Poundworld: Founded in 1990 Poundworld was one of the first £1 retailers in the UK but by 2018 it faced stiff competition from the likes of Poundland and Poundstretcher. The company closed its 335 stores resulting in 5,100 job losses in August 2018, partly blaming the fall in the value of the pound after the 2016 Brexit referendum.   

American Apparel:  Okay, so American Apparel still actually exists but does so without any stores and with an entirely new corporate structure. The company made famous for its American made basics, and sexually explicit advertising went bankrupt in 2017 after a previous recapitalization in 2016 hadn’t produced the required turnaround following six years of losses. The company that started life in Montreal back in1989 now operates entirely online and now markets itself as “Ethically Made-Sweatshop Free”. 
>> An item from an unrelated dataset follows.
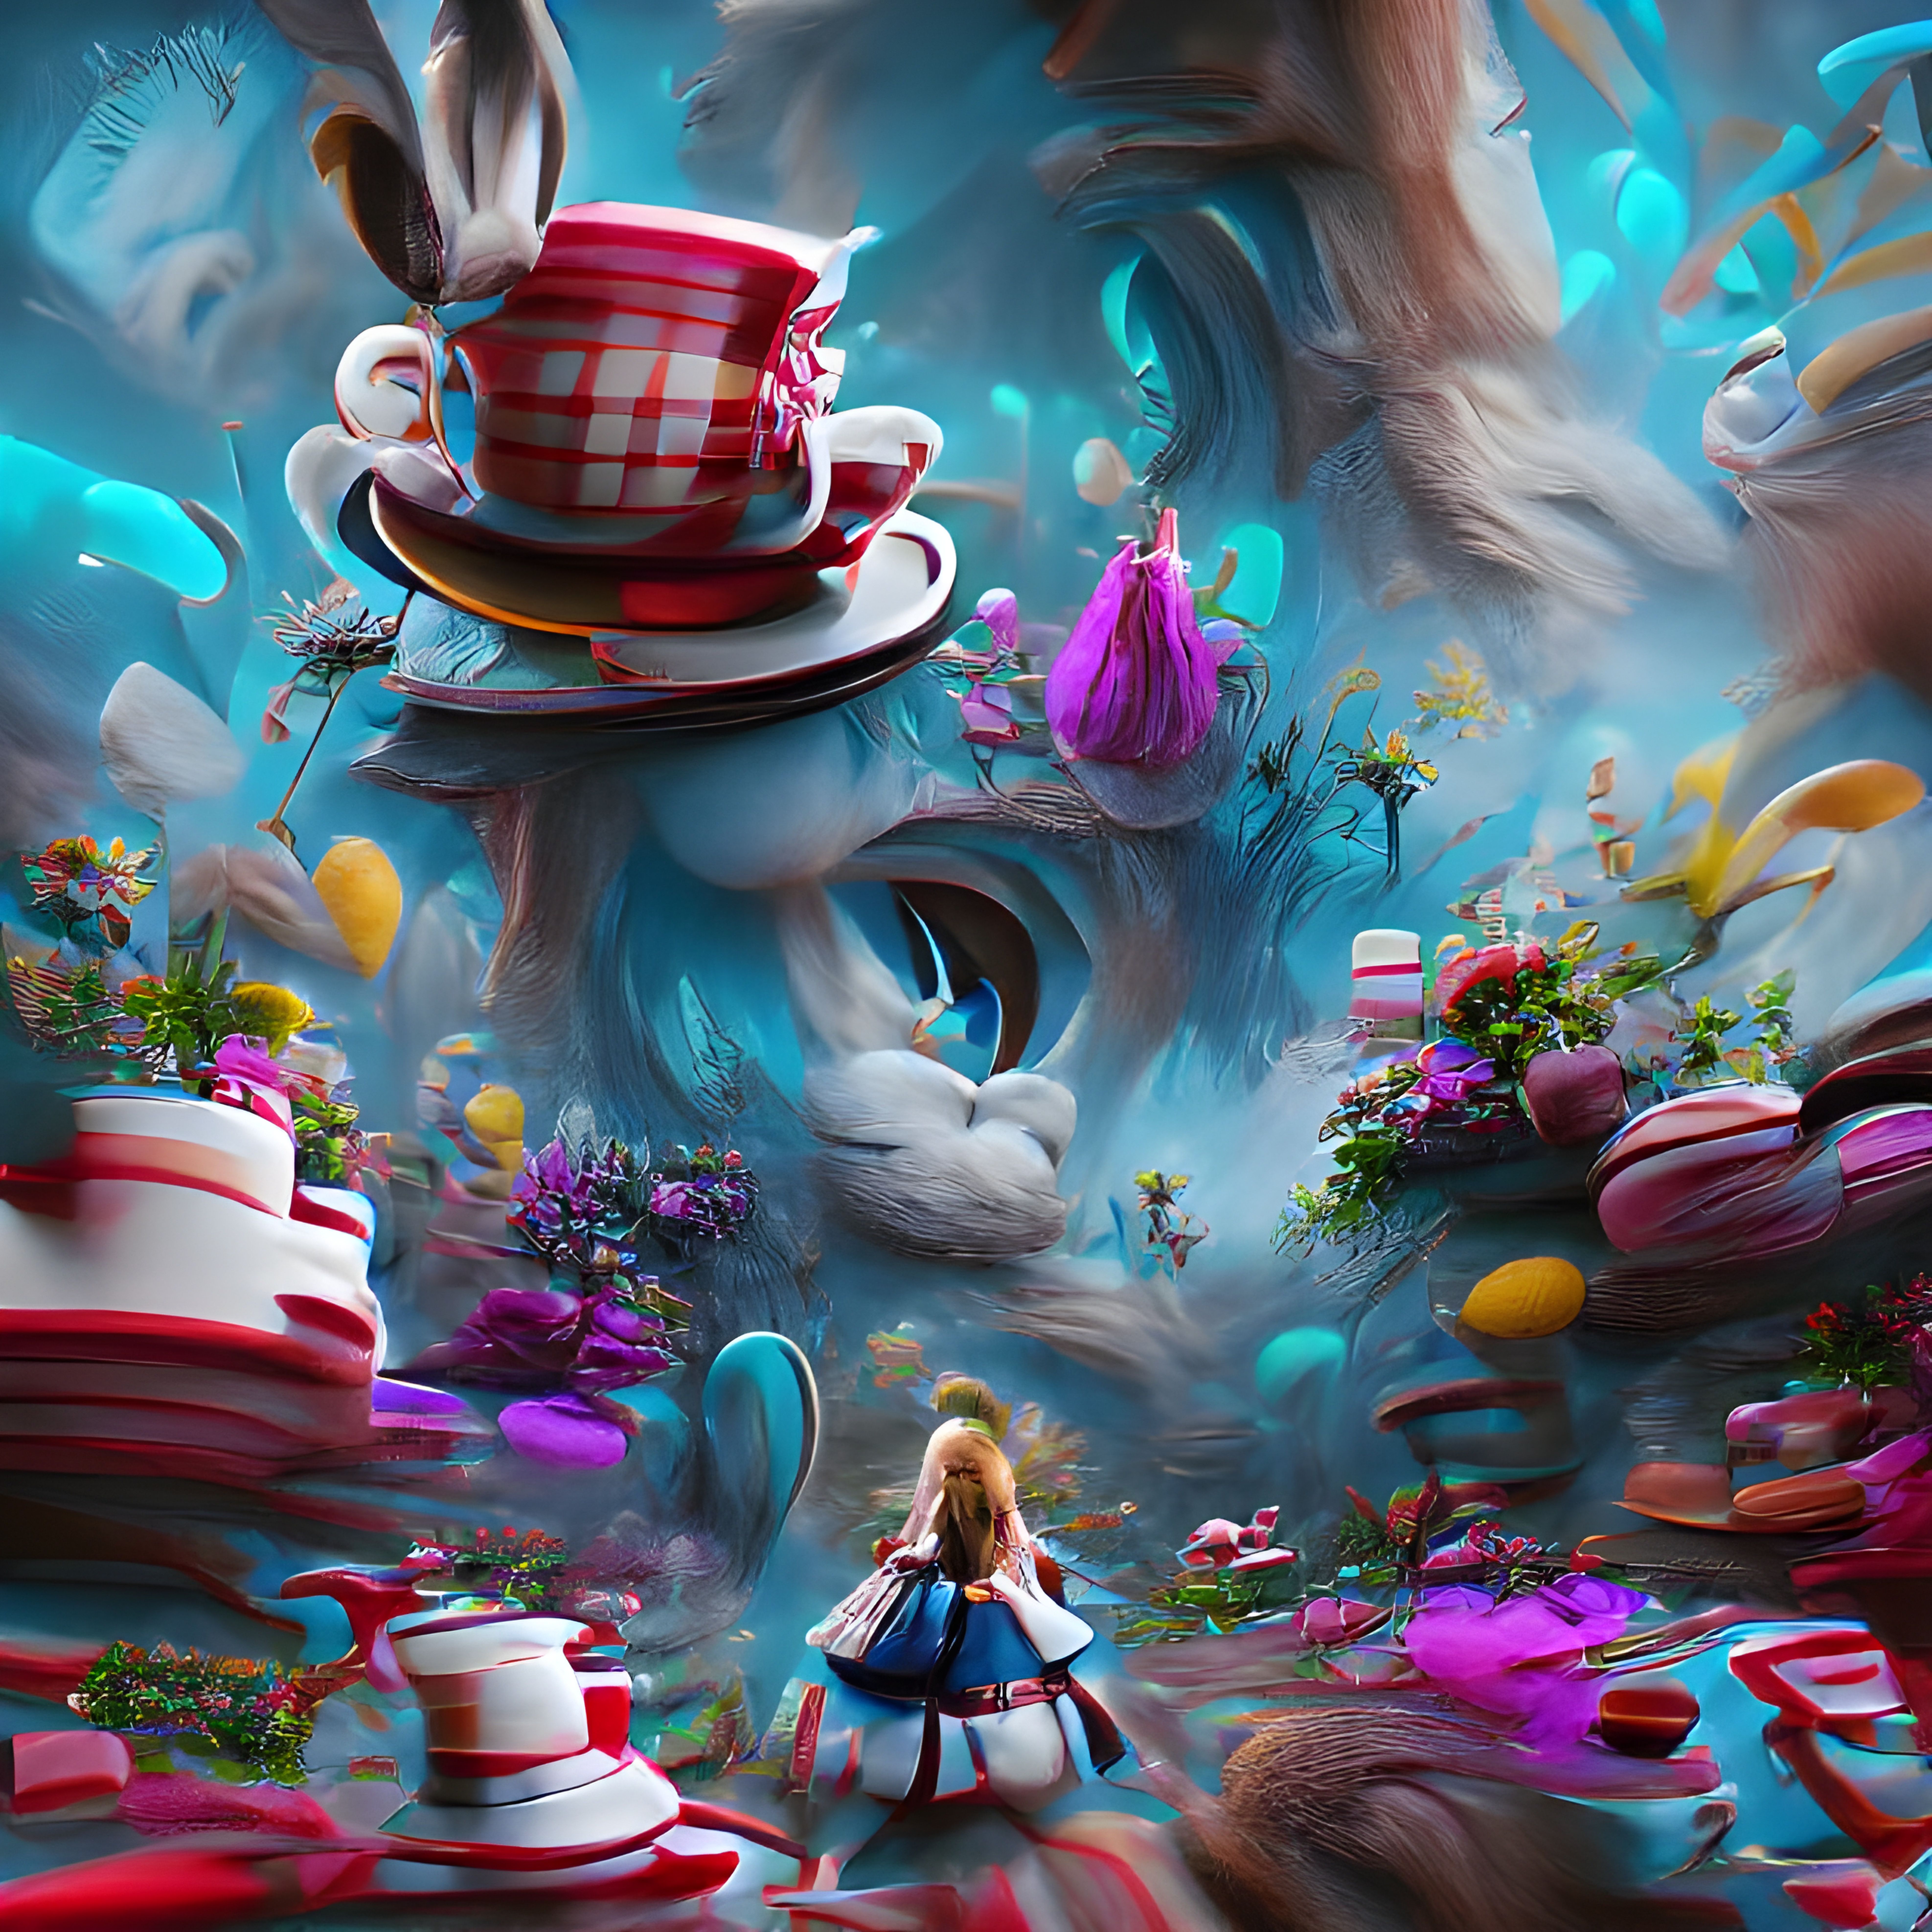 Alice In Wonderland! Disney by YeiyeiArt - v1.0, Stable Diffusion LoRA

Nasty Gal – Again the brand lives on but not as we know it! In 2012 Nasty Gal was named ‘Fastest Growing Retailer’ by INC Magazine but in 2016 the company filed for bankruptcy and was purchased by the Boohoo group to operate under its umbrella of fast fashion brands. The company had found success and raised $40m on the back of its founder, Sophia Amoruso, selling vintage pieces of clothing on eBay that she sourced from stores in San Francisco. 

Retail changed fundamentally in the 2010s – from what consumers expect from brands, how they interact with them but also the brands that they interact with. any of these companies would still be going strong into the 2020s had they chosen strategies to respond to the rapidly changing consumer behaviors and environment they found themselves in.